Abstract

In this paper, we introduce a source code plagiarism detection method, named WASTK (Weighted Abstract Syntax Tree Kernel), for computer science education. Different from other plagiarism detection methods, WASTK takes some aspects other than the similarity between programs into account. WASTK firstly transfers the source code of a program to an abstract syntax tree and then gets the similarity by calculating the tree kernel of two abstract syntax trees. To avoid misjudgment caused by trivial code snippets or frameworks given by instructors, an idea similar to TF-IDF (Term Frequency-Inverse Document Frequency) in the field of information retrieval is applied. Each node in an abstract syntax tree is assigned a weight by TF-IDF. WASTK is evaluated on different datasets and, as a result, performs much better than other popular methods like Sim and JPlag.

1. Introduction

Due to the advancement of the Internet, source code plagiarism has become a big issue in the field of computer science education [1]. Some students usually try to copy source code from their classmates or search similar source code from the Internet as their assignments without modifying. Plagiarism diminishes the quality of education seriously. Students are deprived of the abilities to make innovations and think independently, which may also cause academic dishonesty.

As what happened in traditional offline computer science education, online education suffers from plagiarism, too. Moreover, it is even harder for online education platforms to find a method against source code plagiarism when the number of submissions from students goes much greater than the traditional offline cases. Therefore, detecting source code plagiarism becomes heavy load of responsible instructors’ daily work [2].

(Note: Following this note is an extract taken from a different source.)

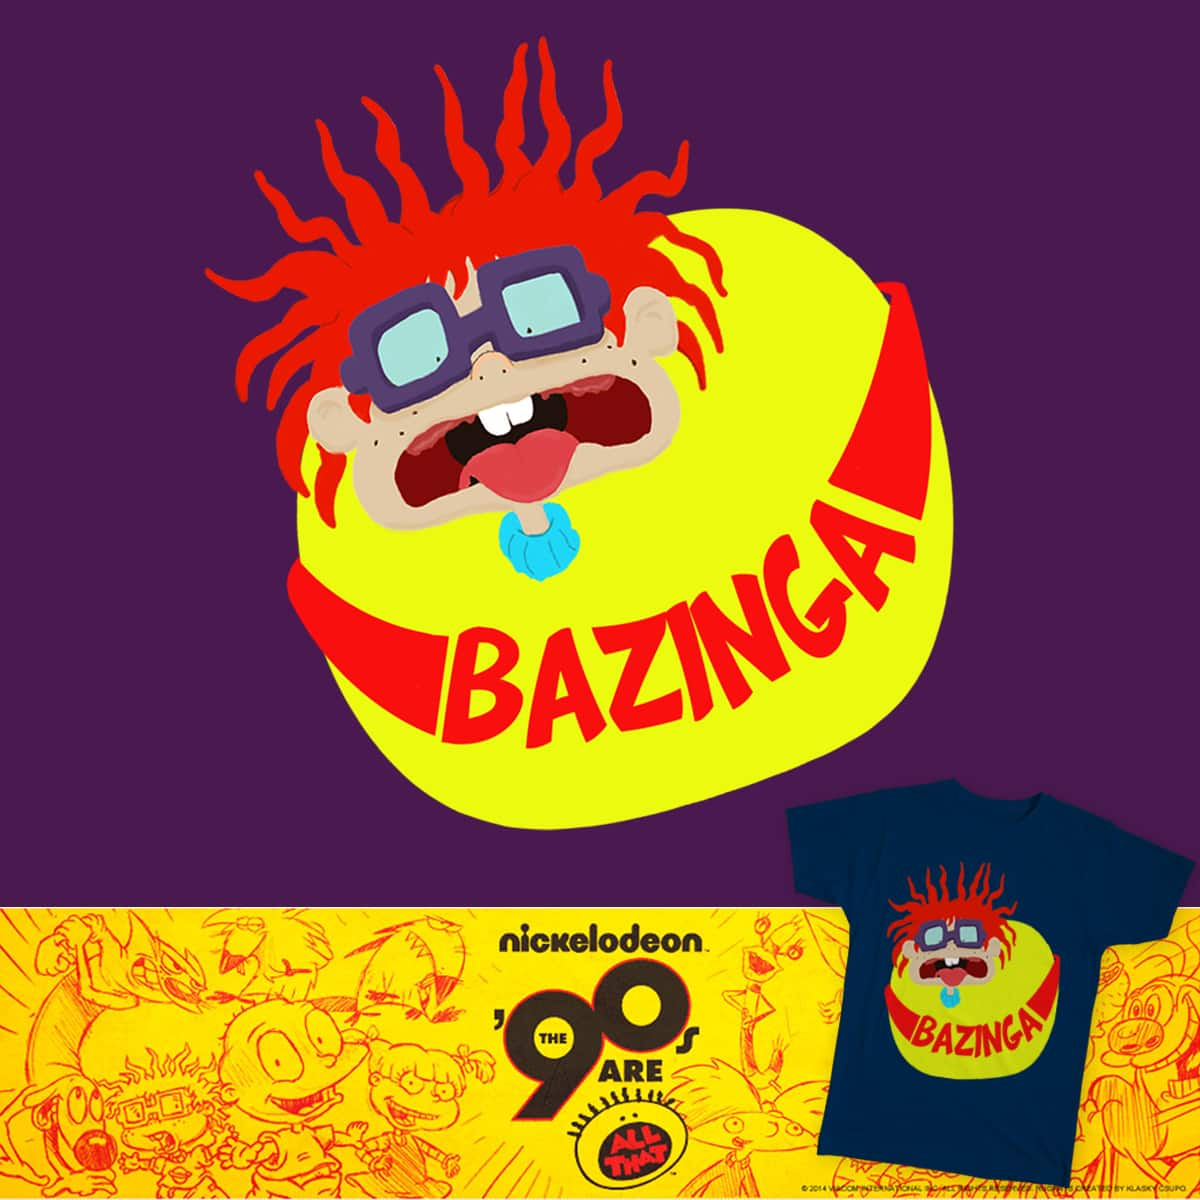 Chuckie Einsten's Pose and Bazinga by mickaelramom on Threadless

In order to detect the source code plagiarism automatically, three problems have already been considered by researchers in this field [3–5].

Problem 1. Computer programs are structured and hierarchical. Looking for a reasonable method to measure the similarity between a pair of programs needs to be carefully treated.

Problem 2. The modifications on programs for the plagiarism purpose are almost changeless. Common distortions, for example, comment alteration, whitespace padding, identifier renaming, code reordering, and algebraic expressions, can be found with high confidence.

Problem 3. The comparison between each pair of programs takes a long time and leads to inefficiency.

Additionally, there exist some other facts which need to be considered.

Problem 4. Instructors may provide frameworks of programming assignments for students to start with. The provided frameworks will contribute a lot to the similarity between each pair of programs.

Problem 5. Solutions for simple problems may be alike. For example, a hundred students, without any communication, may produce very similar programs for the task of calculating the sum of two variables.

To solve these two problems, in this paper, two accurate methods for source code plagiarism detection are presented, named ASTK (Abstract Syntax Tree Kernel) and WASTK (Weighted ASTK). Since computer programs are structured, in this work, they are presented as abstract syntax trees [6]. In ASTK, a method called tree kernel [7] is used for measuring the similarity between a pair of programs. Additionally, different from traditional tree kernel methods, to highlight the significance of nontrivial parts and reduce impacts caused by short sample source code and source code provided by instructors, WASTK gives weights to every tree node. Inspired by the idea of [8], lower weights are given to the part of common code and code provided by the framework of coding assignments, and higher weights are assigned to those distinguished parts of code.

The rest of this paper is organized as follows. Section 2 introduces related previous work. Section 3 illustrates the methods of ASTK and WASTK. We show the experiment results and corresponding analyses in Section 4. Finally, in Section 5, we conclude this work and give some discussions about possible future work.

2. Related Work

There exist some plagiarism detection measures. According to the categories identified by Mozgovoy in 2006 [9], there are mainly fingerprint based and content comparison based approaches. Content comparison techniques have three subcategories including string-matching algorithms, parameterized matching algorithms, and parse tree comparison algorithms.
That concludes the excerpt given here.